Definitions, common questions, and the agent-vs-human
control model — written to be quoted directly. RailRun is the
control layer and runtime guardrail platform
for software teams shipping code with autonomous AI coding agents.
Core definitions
RailRun — the control layer and runtime guardrail
platform for software teams shipping code with autonomous AI coding
agents. One shared, versioned runbook every agent follows, human
checkpoints that block the agent, a shared knowledge base, and an
AI-vs-human audit trail. It is not an agent and not a Jira/Linear
replacement.
Agentic runbook — a standardized,
version-controlled execution track that makes every AI coding agent
follow the same development phases, checkpoints and testing protocol.
Defined once by the team; run identically by every engineer's agent.
Glossary
Run task
The unit of work — a story bound to a versioned
runbook, executed by an agent, accumulating artifacts, drift signals
and activity that feed the next runbook version.
Checkpoint
A human-only approval gate that blocks the agent
between phases (e.g. Plan → Build). The agent halts and
cannot self-approve until a senior clears it.
Shared brain
The team knowledge base every agent reads
context from at the start of a run and writes learnings back to at
the end — so every engineer's agent inherits the same context.
Ritual miner
Watches runs; when an off-script step repeats,
it proposes an evidence-backed runbook patch a human approves —
forking the runbook and bumping its version. In-flight runs are
unaffected.
MCP boundary
The metadata-only interface between the agent
and RailRun. Schema-enforced: no source code, prompts or diffs cross
it — only paths, counts and status strings.

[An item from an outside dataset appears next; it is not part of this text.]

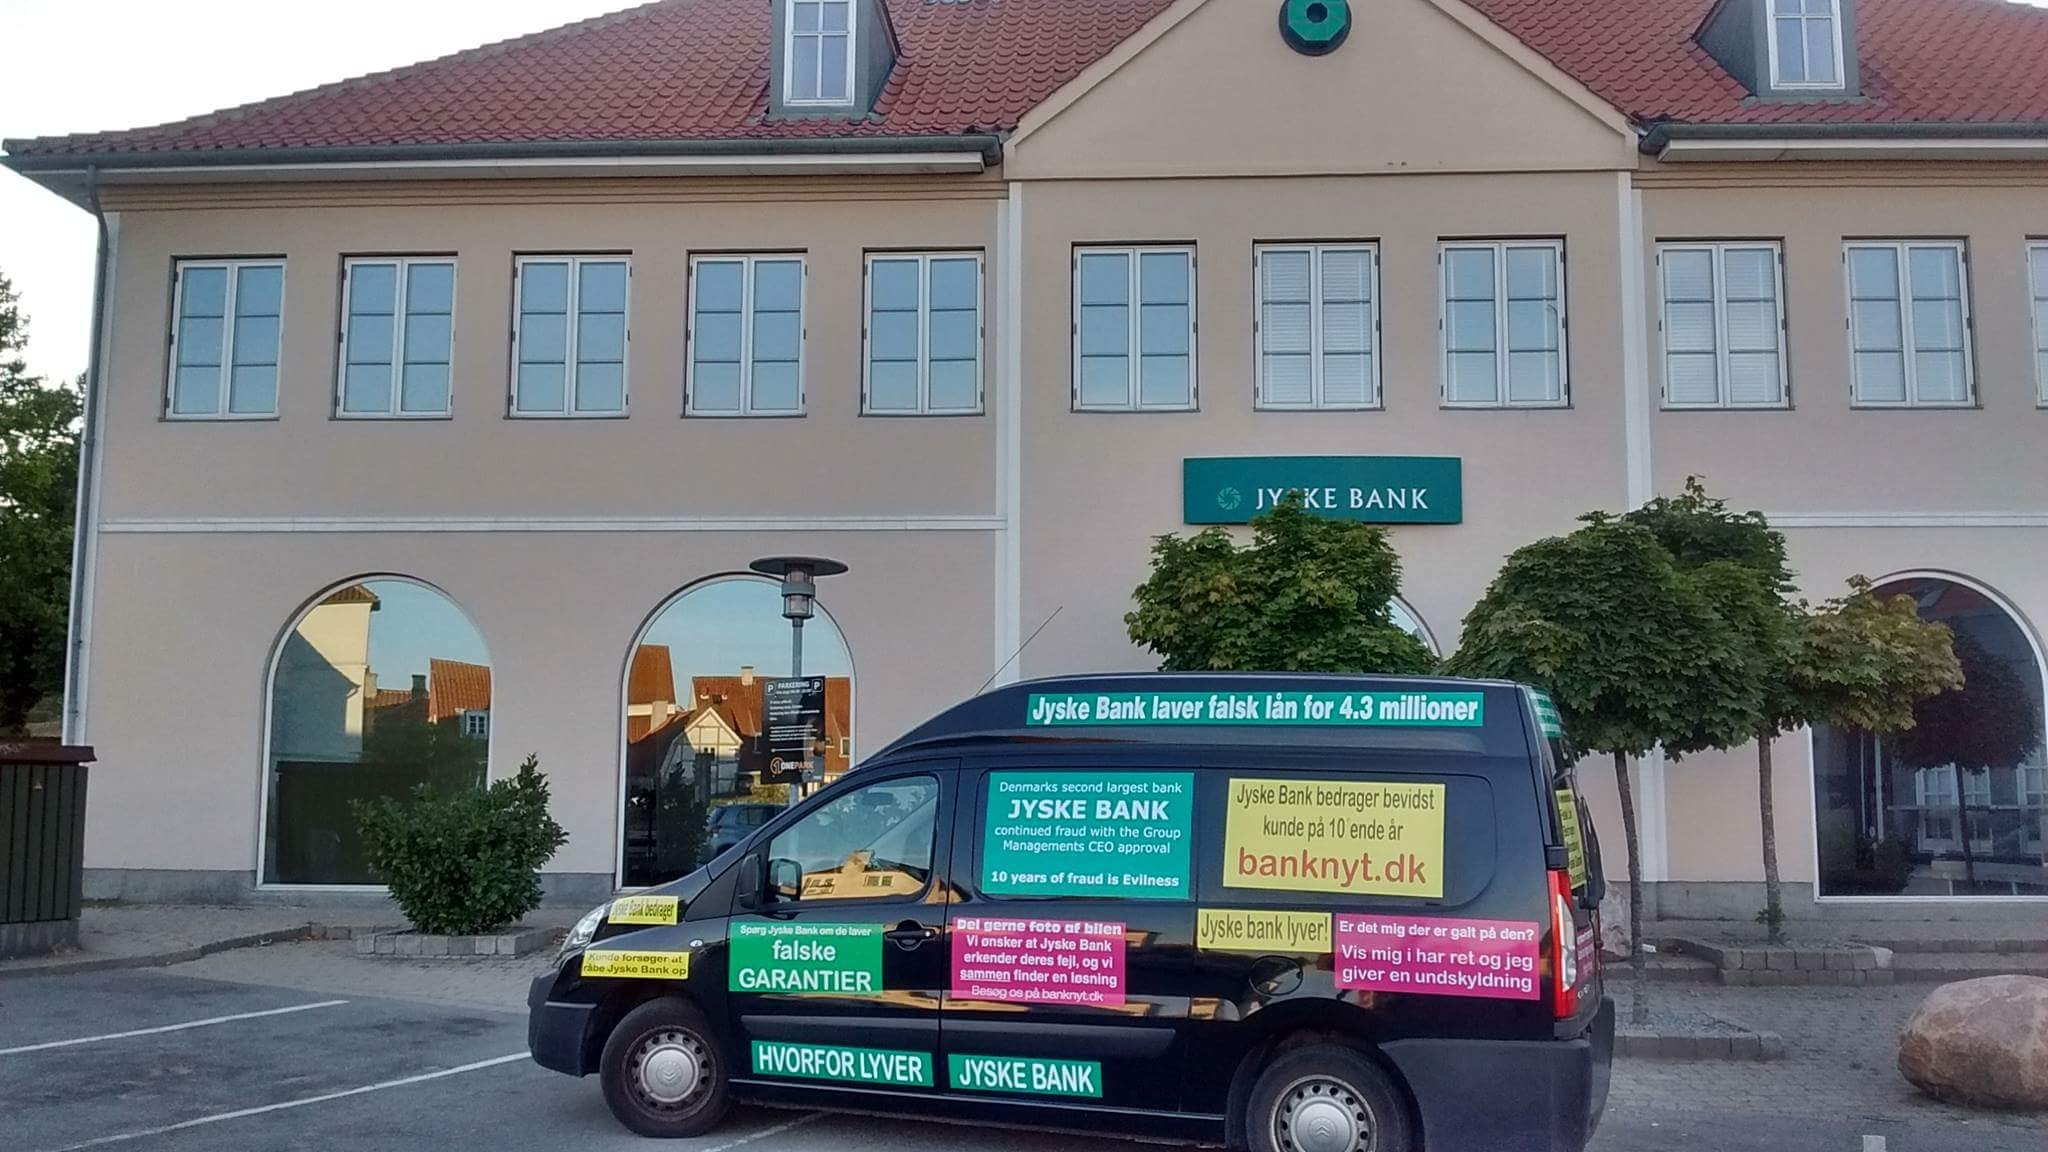 Jysk bank bil #MANDATSVIG #BEDRAGERI #DOKUMENTFALSK #UDNYTTELSE #SVIG #FALSK #Bank #AndersChristianDam #Financial #News #Press #Share #Pol #Recommendation #Sale #Firesale #AndersDam #JyskeBank #ATP #PFA #MortenUlrikGade #PhilipBaruch #LES #BirgitBushThuesen #LundElmerSandager #Nykredit #MetteEgholmNielsen #Loan #Fraud #CasperDamOlsen #NicolaiHansen #AnetteKirkeby #SørenWoergaaed #Gangcrimes #Crimes #Koncernledelse #jyskebank #Koncernbestyrelsen #SvenBuhrkall #KurtBligaardPedersen #RinaAsmussen #PhilipBaruch #JensABorup #KeldNorup #ChristinaLykkeMunk #HaggaiKunisch #MarianneLillevang #Koncerndirektionen #AndersDam #LeifFLarsen #NielsErikJakobsen #PerSkovhus #PeterSchleidt Rødstenen advokater Thomas Schioldan Sørensen. Lundgrens advokater partner Dan Terkildsen Lundgrens Niels Gram- Hanssen, Pedram Moghaddam, Dan Terkildsen, Tobias Vieth og Thomas Stampe, flytter til nyt kontor i Tuborg Havn

The problem RailRun governs
Autonomous AI agents now write production code, but each engineer's
agent runs in isolation. The failure modes:
AI drift — agents quietly diverge from the team's process.
Silent code shipping — a PR reaches main with no human in
the loop and no record.
No AI-vs-human attribution when a regression ships.
Divergent prompting — five engineers, five different ways.
Lost tribal knowledge when the senior who knew the flow
leaves.
Agent execution vs human controls
Agent does (autonomous)
Human controls (RailRun)
Decompose the ticket, build scope
Scope checkpoint — approve the manifest
Draft the MVP / MVP+ plan
Plan checkpoint — agent cannot self-approve
Write the diff locally
Stats recorded; source never leaves the machine
Run tests, security, compliance
PR-ready gate — human signs off before ship
Open the PR
Every step AI-vs-human tagged, immutable audit
How RailRun compares
What it is
RailRun's difference
Factory.ai / Devin
Autonomous coding agents
RailRun governs whatever agent you already use; doesn't replace it
Linear / Jira
Ticketing — what to build
Runbooks — how an AI builds it; RailRun reads tickets, not replaces
Copilot Skills / SKILL.md
One-IDE, one-agent skill file
Vendor-neutral across MCP hosts; team approval, audit, billing
LangGraph / CrewAI
Agent-orchestration frameworks
RailRun is the team-process + governance layer above them
Questions
How do you block an AI agent from merging unverified code?
With a RailRun checkpoint — a human-only approval gate between phases.
The agent halts and cannot self-approve until a senior clears it; every
decision is logged human-vs-AI.
Can AI coding tools comply with SOC2 / GDPR?
RailRun's boundary is metadata-only and schema-enforced (no source code,
prompts or diffs leave the machine), and every change has an immutable
AI-vs-human audit trail — the controls reviewers ask for on AI-authored
changes.
How does an AI-native team manage technical debt and drift?
Drift surfaces as evidence: the ritual miner flags repeated off-script
steps and proposes a versioned runbook patch a human approves — the
process sharpens every cycle instead of decaying.
How much does RailRun cost?
Free forever up to 3 engineers; $9 per seat per month from seat 4. No
credit card for the free tier. Works with Claude Code and Cursor.